In part I of this study a new dry coating analysis was developed relating pigment cluster voids and pigment particle distribution to the pigment cluster dispersion coefficient, C_q, and the critical pigment volume concentration (CPVC). Part II of this study has addressed a wet coating analysis to relate pigment particle size distribution and viscosity in a coating formulation to the pigment cluster dispersion coefficient.

This study introduced the relationships for the wet coating by building on the dry coating evaluations introduced in part I of this study. Part II of this study showed that the CPVC for a solvent based coating can be significantly influenced by a change in the viscosity measured interaction coefficient, σ, as influenced by a change in an additive such as the surfactant concentration in the matrix or polymer phase of the coating. The CPVC was also shown to be strongly influenced by a separate analysis of the pigment particle size distribution to modify the coating viscosity.

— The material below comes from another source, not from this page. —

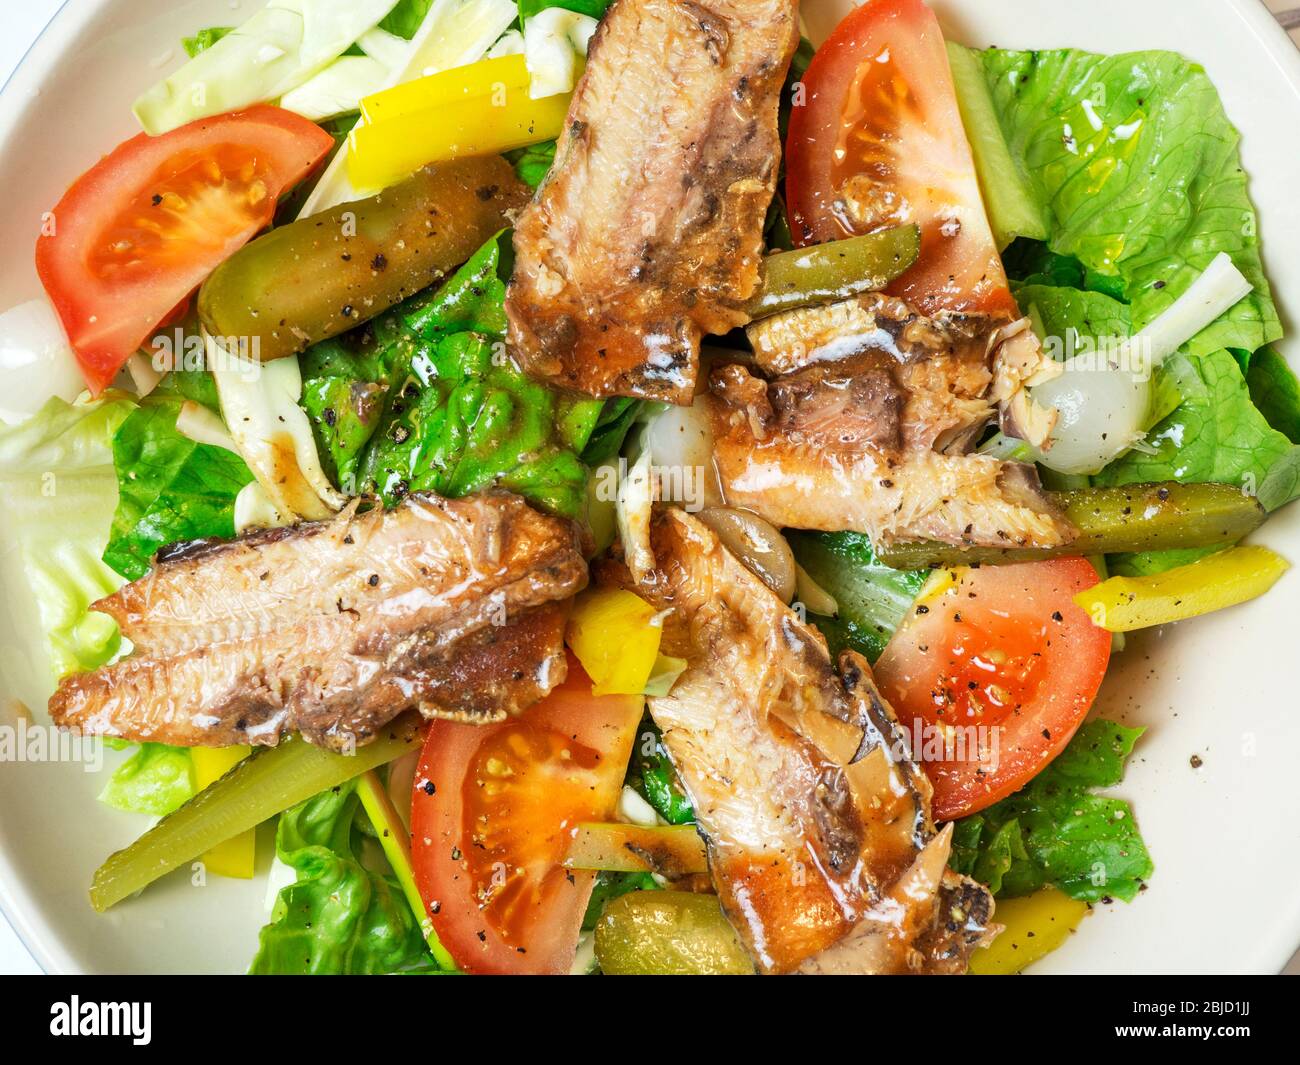 Schüssel mit Salat mit verzierten Sardellen Salat Tomaten gelbe Paprika Gurken und Zwiebeln in Scheiben geschnitten Stockfoto
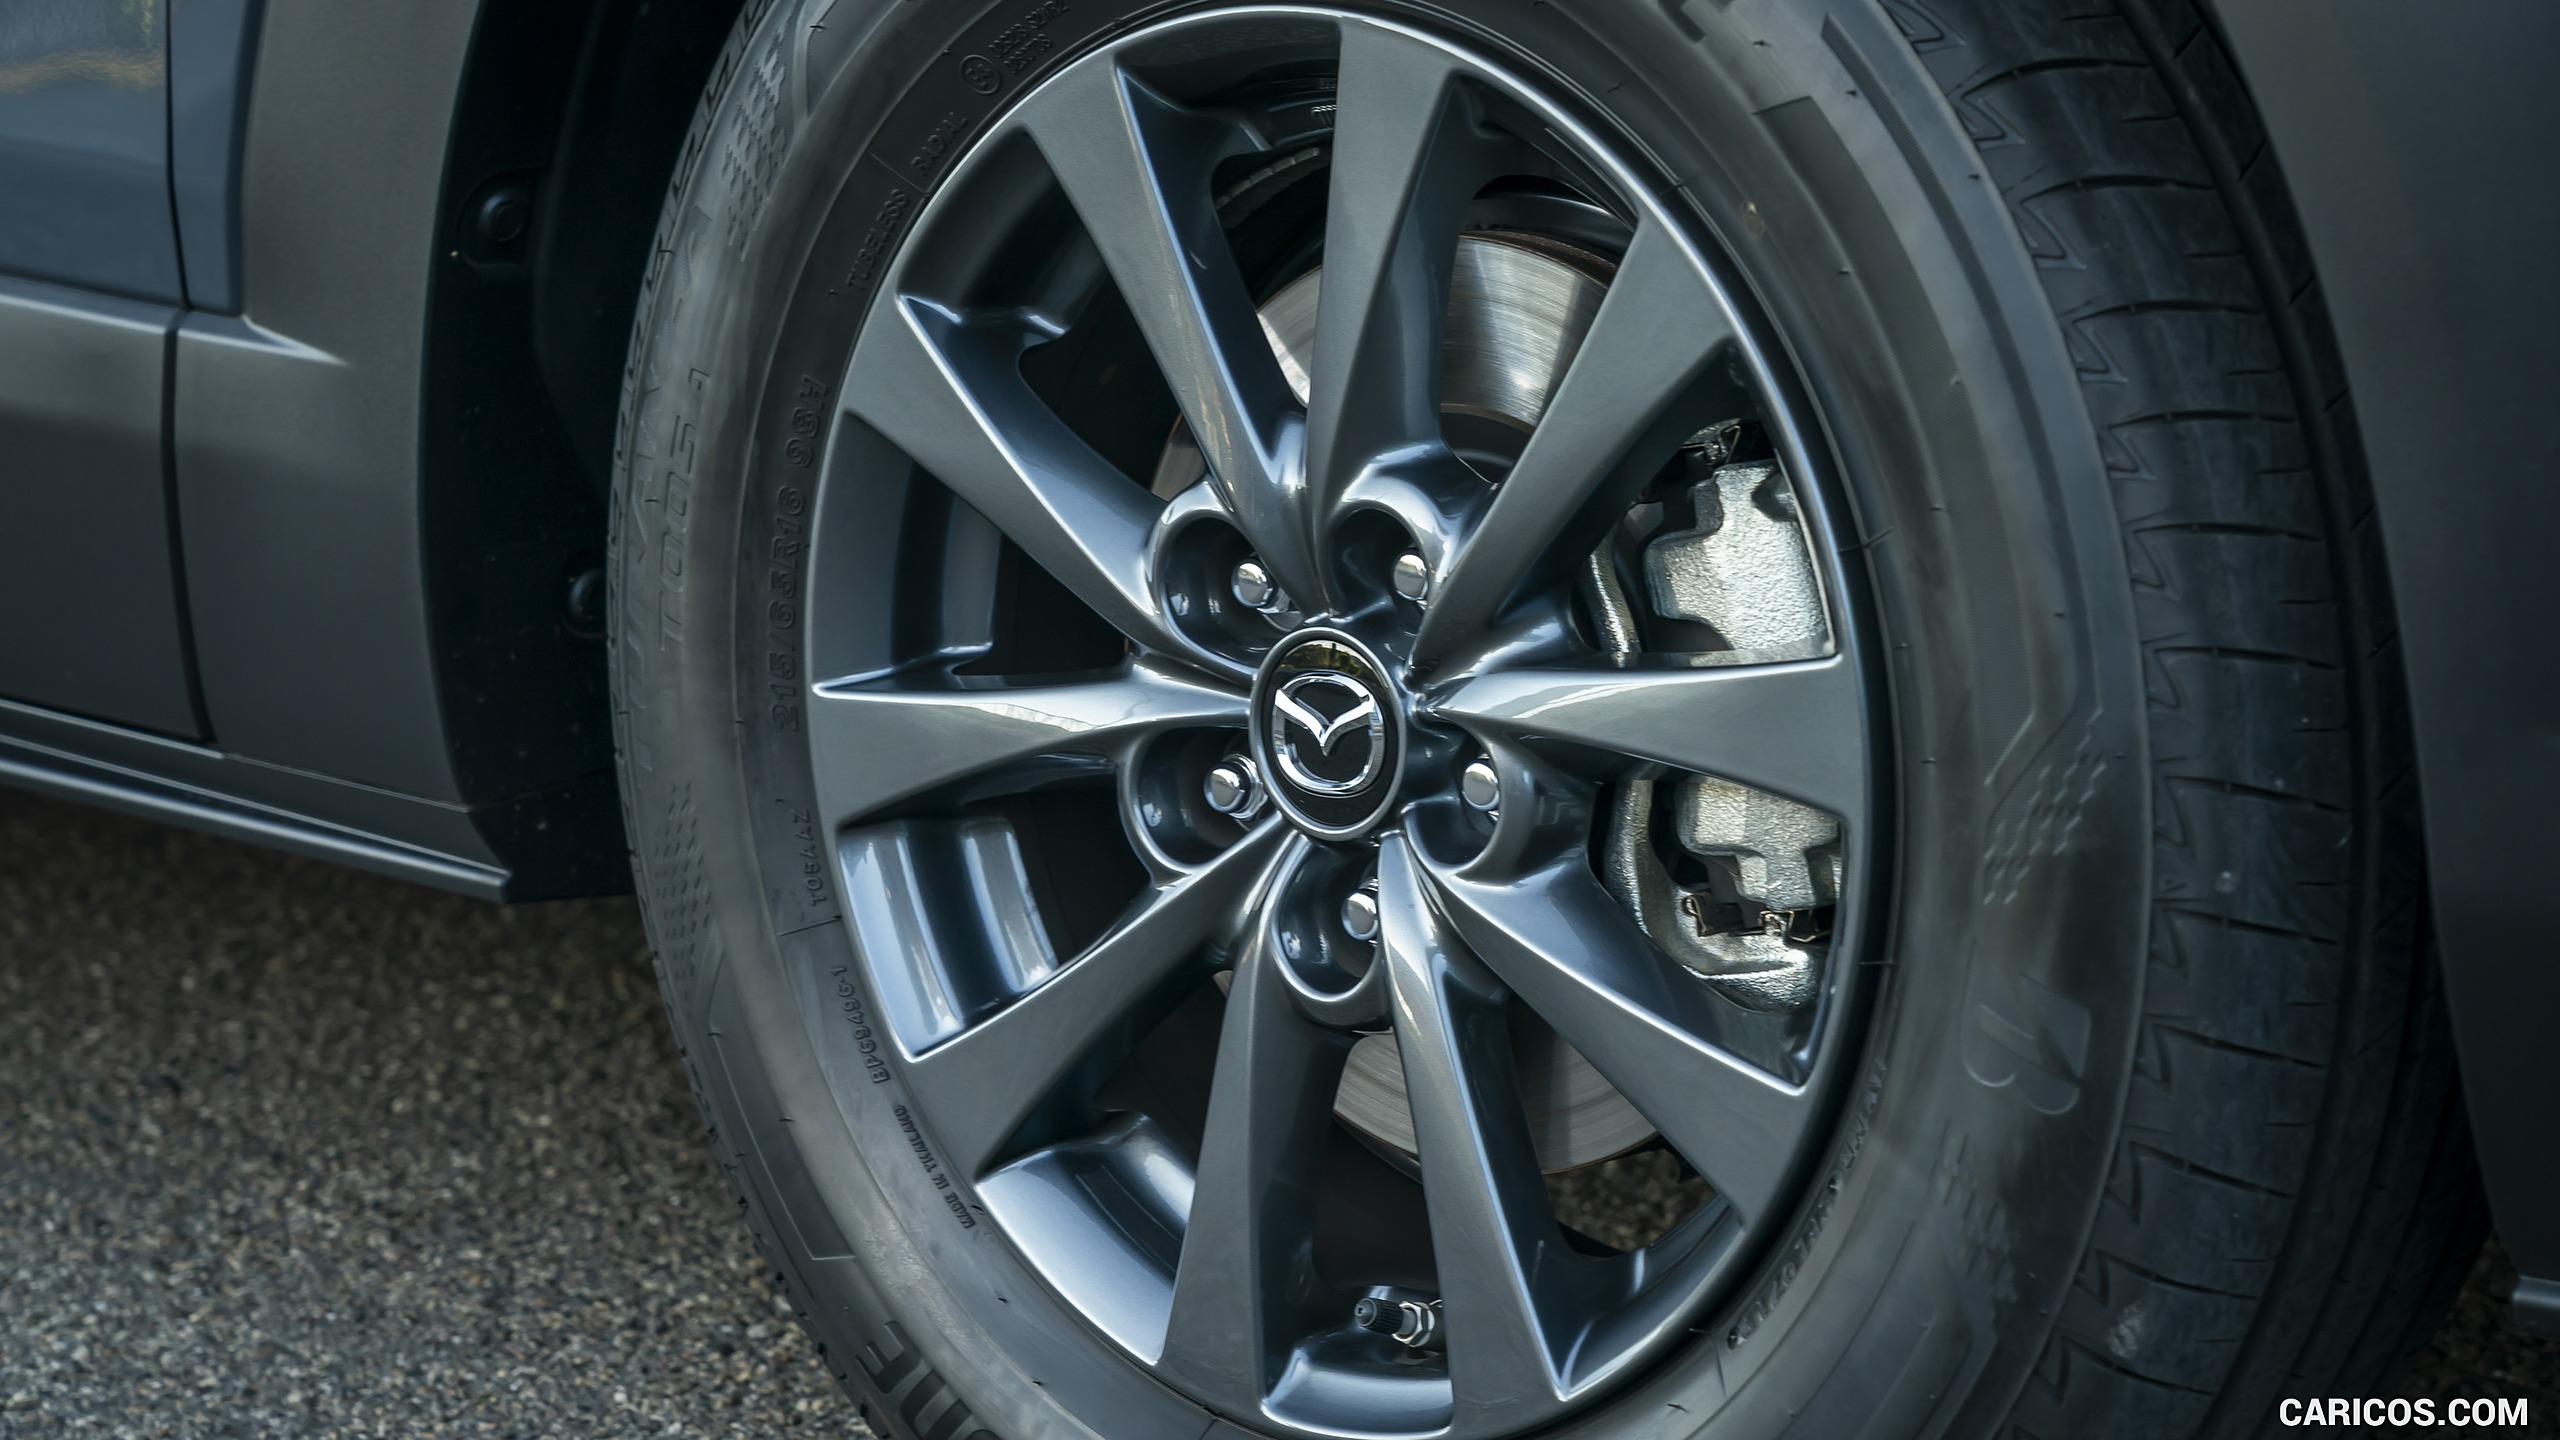 2020 Mazda CX-30 (Color: Polymetal Grey) - Wheel, #150 of 226

It was pointed out recently that an increase in flow additive increased the CPVC but decreased viscosity. Consequently, it was shown theoretically in this study that viscosities compared at the same relative viscosity, η/η₀, and at the same filler composition, f_i, using the generalized viscosity model would require decrease in the interaction coefficient, σ, to increase the global volume fraction of filler or pigment, Φ_F. This implied that a measurement of the interaction coefficient, σ, should be a direct measure of the ability of the CPVC to be modified. A minimum viscosity from the generalised viscosity model also resulted at the maximum packing fraction, which in turn was found to increase the CPVC of the coating. Consequently, part II of this study has yielded a useful relationship between the cluster dispersion coefficient, C_q, and the interaction coefficient, σ, from the generalised viscosity model.

While the experimental measurement of the parameters to isolate the clustering concepts introduced in this study may be difficult, it is expected that better quantitative measurement of clustering concepts will eventually prove to be very beneficial to providing improved suspension applications including coatings. The close relationship introduced in this study between clustering concepts and viscosity should provide an improved ability to measure the parameters to isolate clustering in coatings and other suspension applications.

The theoretical relationship developed in this study between the pigment cluster dispersion coefficient, C_q, and CPVC and the theoretical and experimental relationship between CPVC and the viscosity interaction coefficient, σ, inferred a direct relationship between C_q and the viscosity interaction coefficient, σ. Consequently, it was shown that the theoretical pigment cluster model developed in this study could be directly related to the experimental matrix additive composition controlling viscosity in a coating formulation. The practical implication is that the measurement tools introduced in this study should significantly influence future suspension formulations to provide better measurement and control of clustering and viscosity in coatings and other suspension applications.

Part II of this study has shown how a useful relationship can be generated between the interaction coefficient, σ, from the generalised viscosity model and the pigment cluster dispersion coefficient, C_q, developed in part I of this study. In addition, this study also showed that effective control of the CPVC of a coating can be modified by judicious control of the interaction coefficient using pigment particle size distribution and/or viscosity control additives in a wet coating analysis.